Description john stultz 2004-04-19 09:32:11 UTC
As reported on lkml by niclas.gustafsson@codesense.com 
 
Hardware Environment: IBM x305 
Software Environment: Linux 2.6.5 kernel 
Problem Description: 
After running for a while (~12-24 hours) time seemingly stops/slows to a 
crawl, jiffies is incremented very slowly and the following is output into 
dmesg. 
	Losing too many ticks! 
	TSC cannot be used as a timesource. <4> Possible reasons for this are: 
	   You're running with Speedstep, 
	   You don't have DMA enabled for your hard disk (see hdparm), 
	   Incorrect TSC synchronization on an SMP system (see dmesg). 
 
Steps to reproduce: 
1. Boot 2.6.5 on IBM x305 
2. watch time of day 
3. wait 24 hours
Comment 1 john stultz 2004-04-19 09:36:23 UTC
I've reproduced this issue in our labs.
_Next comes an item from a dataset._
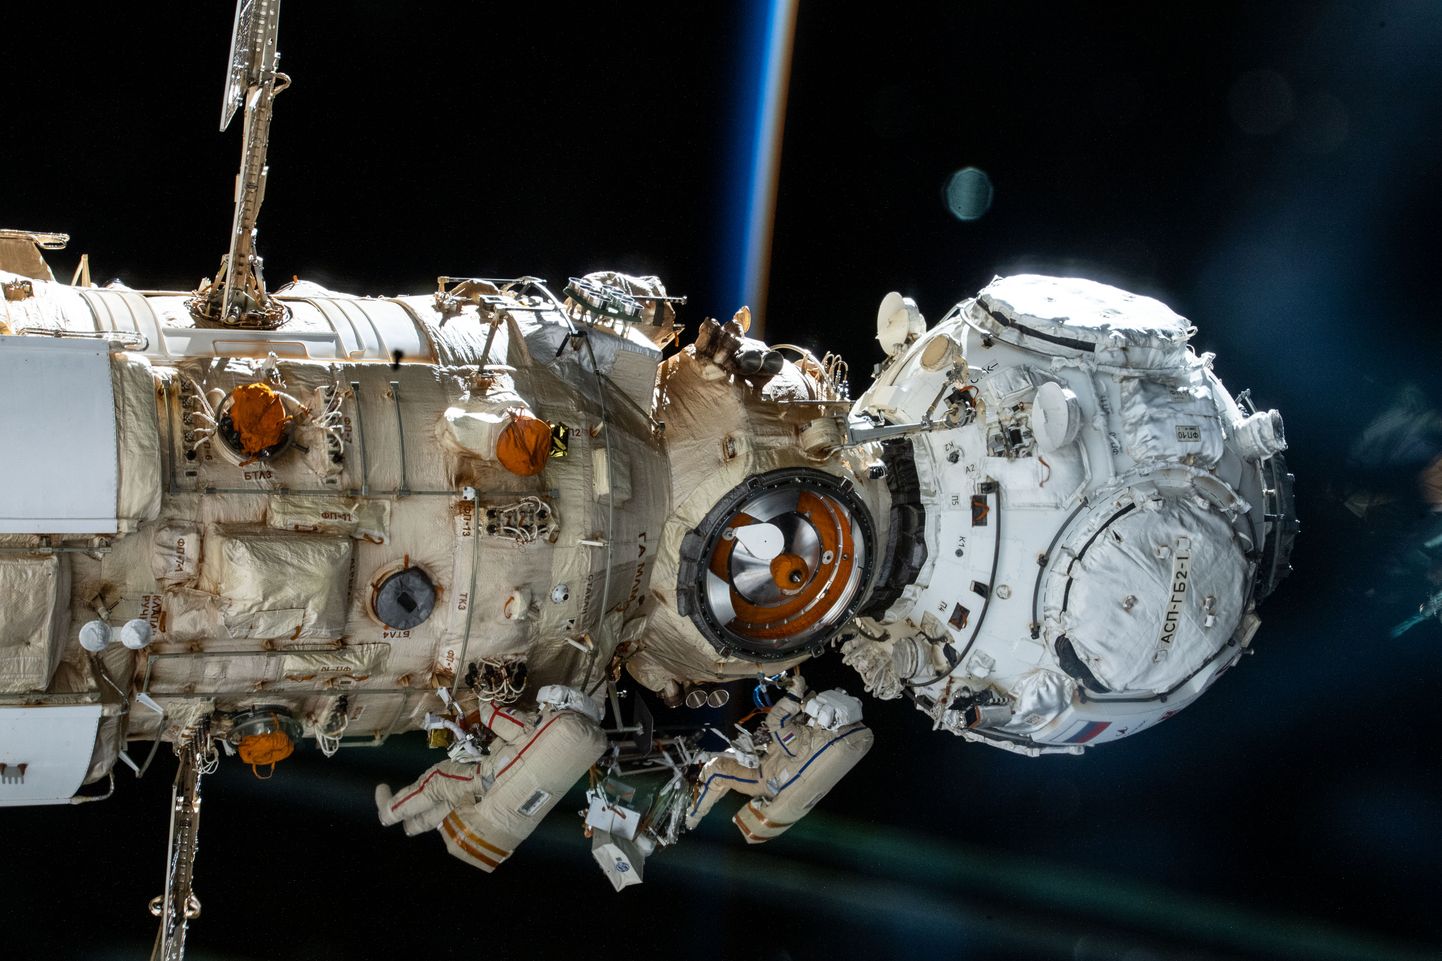 Venemaa kosmoseagentuuri Roskosmos kosmonaudid (vaskult) Anton Škaplerov ja Pjotr Dubrov kosmosekõnnil ISS-i Nauka mitmeotstarbelise laboratooriumi juures. Kosmosekõnd toimus 19. jaanuaril 2022 ning kestis seitse tundi ja üksteist minutit. Aju-uuring ei puudutanud neid kosmonaute

It seems that after 12-24 hours, the 
PIT suddenly stops sending interrupts at HZ frequency, and instead drops to 
something like once every 2 seconds. The TSC time source code sees this drop 
and assume's its running on a cpufreq changing cpu, dropping back to the PIT 
as a timesource.  
 
In my tests, once we fall back to the PIT, after some period of time the PIT 
returns to sending interrupts at HZ frequency. So it looks like the issue is 
somewhat spurratic. Possibly BIOS SMM/SMI related. 
Comment 2 john stultz 2004-04-19 09:38:50 UTC
Created attachment 2626 [details]
Proposed fix by Maciej W. Rozycki

Email message and patch sent to lkml by Maciej W. Rozycki with a proposed fix
(currently under testing).
Comment 3 john stultz 2004-04-20 14:02:15 UTC
Maciej's fix appears to resolve the issue (according to original bug reporter 
and also verified in the lab here). I'm following up with IBM hardware folks 
to see if we can get a BIOS fix for the issue as well. Maciej's workaround 
needs to be propagated into mainline and distros to handle existing systems w/ 
this issue. 
Comment 4 john stultz 2004-06-28 16:54:59 UTC
*** Bug 2964 has been marked as a duplicate of this bug. ***
Comment 5 Fabien Chevalier 2004-07-22 11:32:01 UTC
Hi,

We have one system (firewall) affected by this issue (x305, Linux 2.6.3). This
makes our system hang or iptables hash tables to get full so that the firewall
doesn't accept any new network connection. Quite funny for a firewall, to have
"DROP ALL" as only policy, no ? ;-)

Do you have any news about the x305 firmware fix?
The latest release seams to be 1.65, out in feb 2004, and doesn't contain the fix.

Regards,

Fabien
Comment 6 Andy Duplain 2004-08-26 06:20:32 UTC
I have this problem on a Netvista 8317 with the latest BIOS (version 
28KT26A).  I have tried kernel version 2.6.8 and 2.6.9-rc1 using timesource 
tsc and pmtmr.  When running 2.6.8 with tsc, I received the "losing too many 
ticks" kernel message, however I have yet to receive that under 2.6.9-rc1 with 
pmtmr, even though time has stopped.
Comment 7 john stultz 2004-08-26 10:28:46 UTC
Andy: Does Maciej's fix solve the problem for you? (see comment #2 for the 
attachment) 
 
 
Comment 8 Paul Larson 2004-08-26 13:56:27 UTC
I just ran into a similar problem on a 305 too.  It hangs partway through the
init scripts on boot.  If you leave it sitting for about a day, eventually it
will come back with the losing too many ticks message.  I tried the patch
(against 2.6.9-rc1) but it did not fix anything for me.
Comment 9 john stultz 2004-08-26 14:02:27 UTC
Paul: Does this happen every boot? Or just occasionally? 
Comment 10 Andy Duplain 2004-08-31 01:43:47 UTC
John: Yes Maciej's does fix the problem.  I applied it to 2.6.9-rc1 and it's 
been running now for 4 days without problem.
Comment 11 john stultz 2005-01-19 10:17:47 UTC
*** Bug 3693 has been marked as a duplicate of this bug. ***
Comment 12 john stultz 2005-04-01 11:15:29 UTC
I've been told a BIOS update fixes what appears to be the same issue on
ThinkCentre A50/M50 systems. I'd be interested if the folks seeing this problem
could confirm/deny if the BIOS update helps.

thanks
Comment 13 john stultz 2005-07-27 15:28:39 UTC
I believe the BIOS fix resolves this issue. Please reopen if this is not the case.